Kowloon City Stories / History

“Kowloon City Through the Lens” – Kowloon Walled City 4

The photo captured the southeast of Kowloon Walled City in 1966. It shows the overcrowded and poor living conditions at that time.

When Qing China signed the lease with the United Kingdom, it retained its jurisdiction over Kowloon Walled City on purpose. Both sides respected the provision in principle. However, during the Japanese Occupation, Japan treated Hong Kong merely as a part of the “occupied territories” and ignored the special status of the walled city. It even destroyed the city’s wall and used the stone for the extension of Kai Tak Airport. The demolition blurred the Sino-British border, laying the ground for future conflicts. The Kowloon City Incident in 1948 was an example.

Taking advantage of the disappeared wall, the British colonial government started to exercise jurisdiction in Kowloon Walled City. In November 1947, it applied to the court for an enforcement order to demolish the newly built huts in the city and squatters had to move out within two weeks. In January 1948, it executed the clearance forcibly. More than 70 houses were demolished, many of which were brick houses with a long history. Despite the strong and prompt clearance claiming to be an action against unauthorised constructions, some pointed out that the real purpose was an attempt to exercise sovereignty by the colonial government. The angered residents attacked the bailiff with bricks and the authorities opened fire in return, causing six casualties and two arrests. The incident sparked outrage and protests across the country. Worrying the groundswell could possibly lead to a governance crisis, the colonial government stopped the clearance eventually.
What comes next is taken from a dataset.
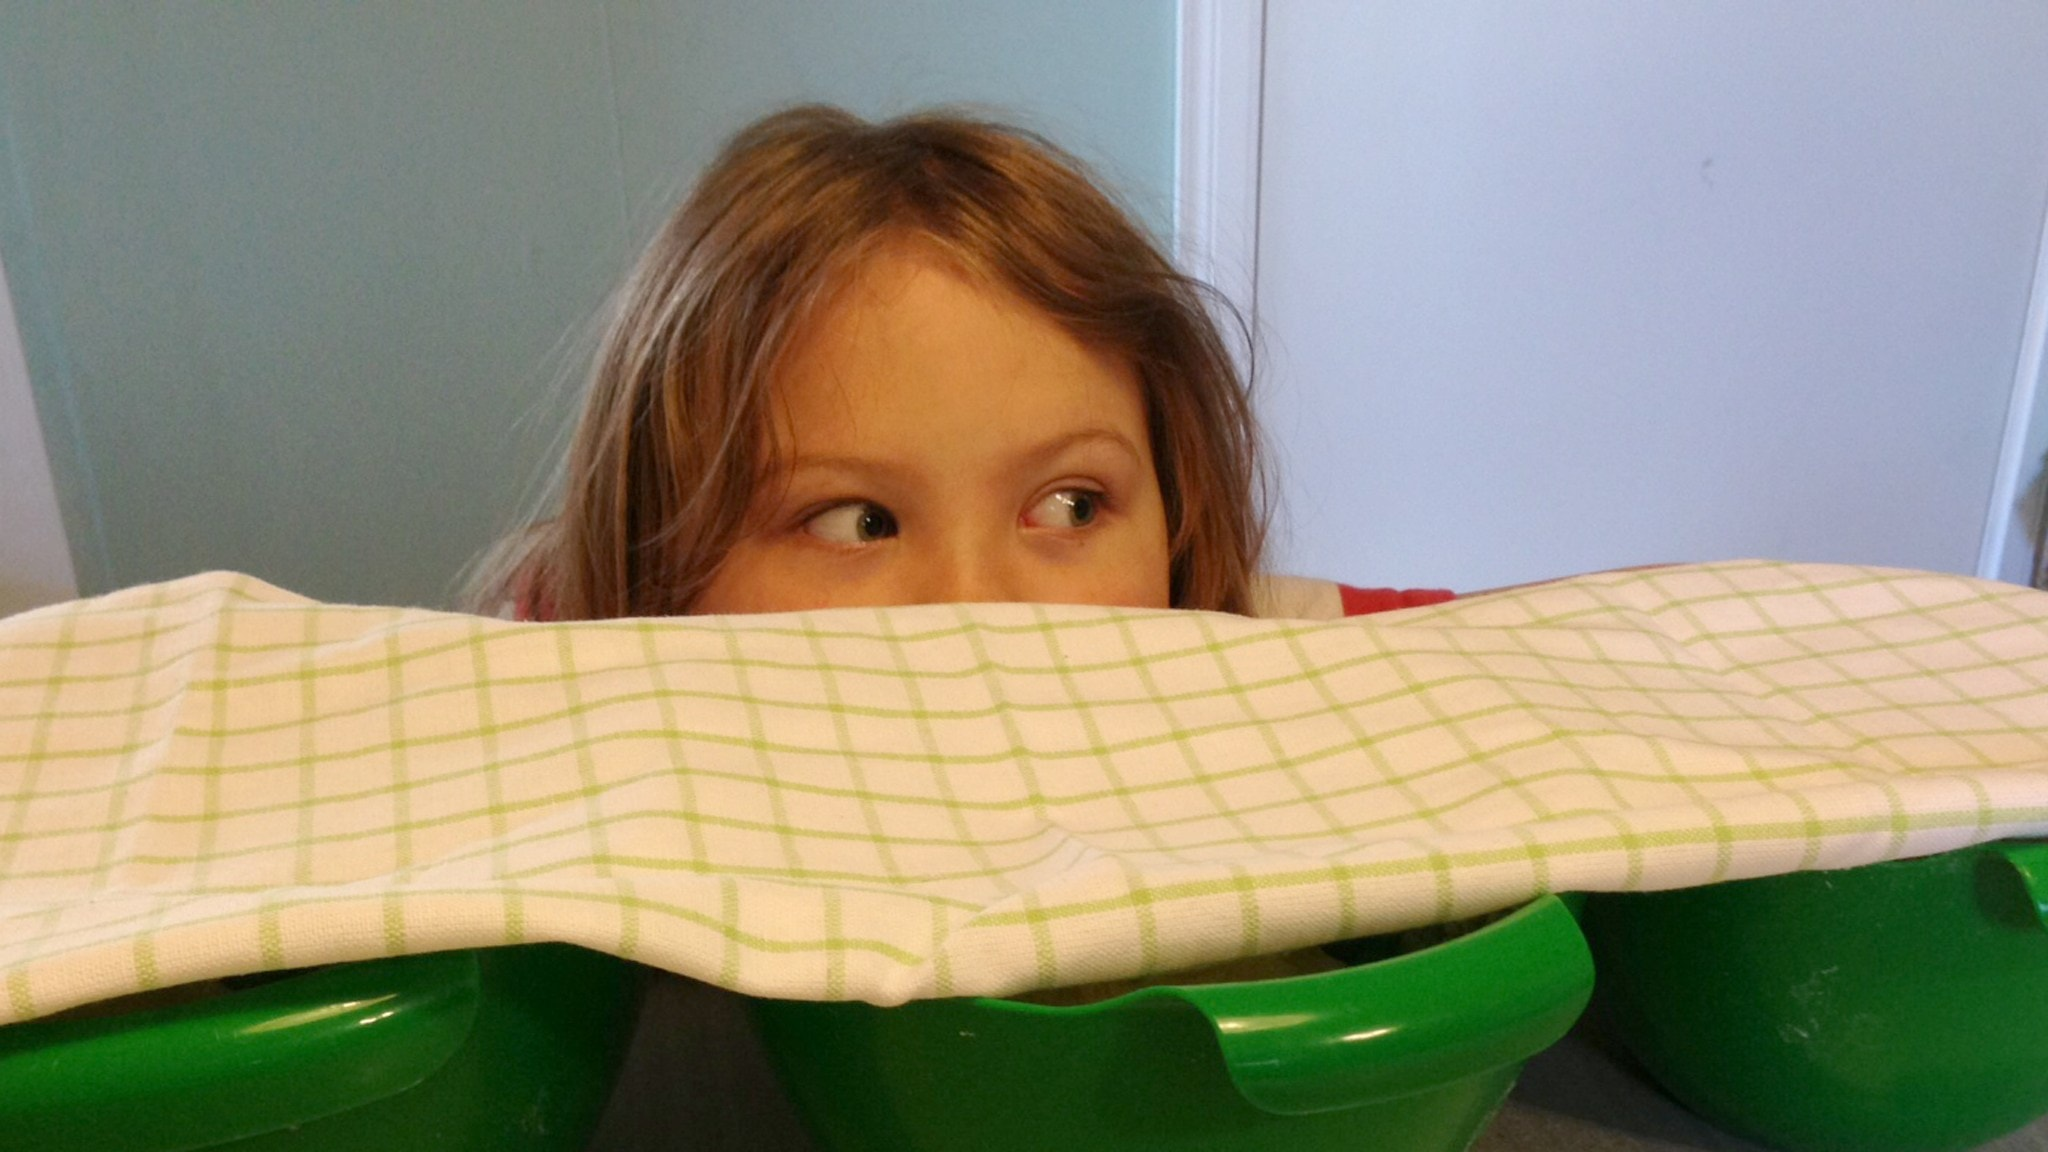 Hör hur det jäser! Maria Sylvén testar söta degar med sin morbror, kocken Mathias Dahlgren. Foto: Erica Dahlgren/Sveriges Radio.

After the Kowloon City Incident, China and the United Kingdom held different views regarding the issue of liability, but to avoid any diplomatic turmoil, they reached a mutual agreement to adopt a “hands-off” policy in the city. The loophole gave rise to squatters and crime. Refugees from China poured in and illegal businesses such as gambling halls, tobacco halls, drug production and trafficking, striptease, thrived. Kowloon Walled City had become a real sin city in the following decades.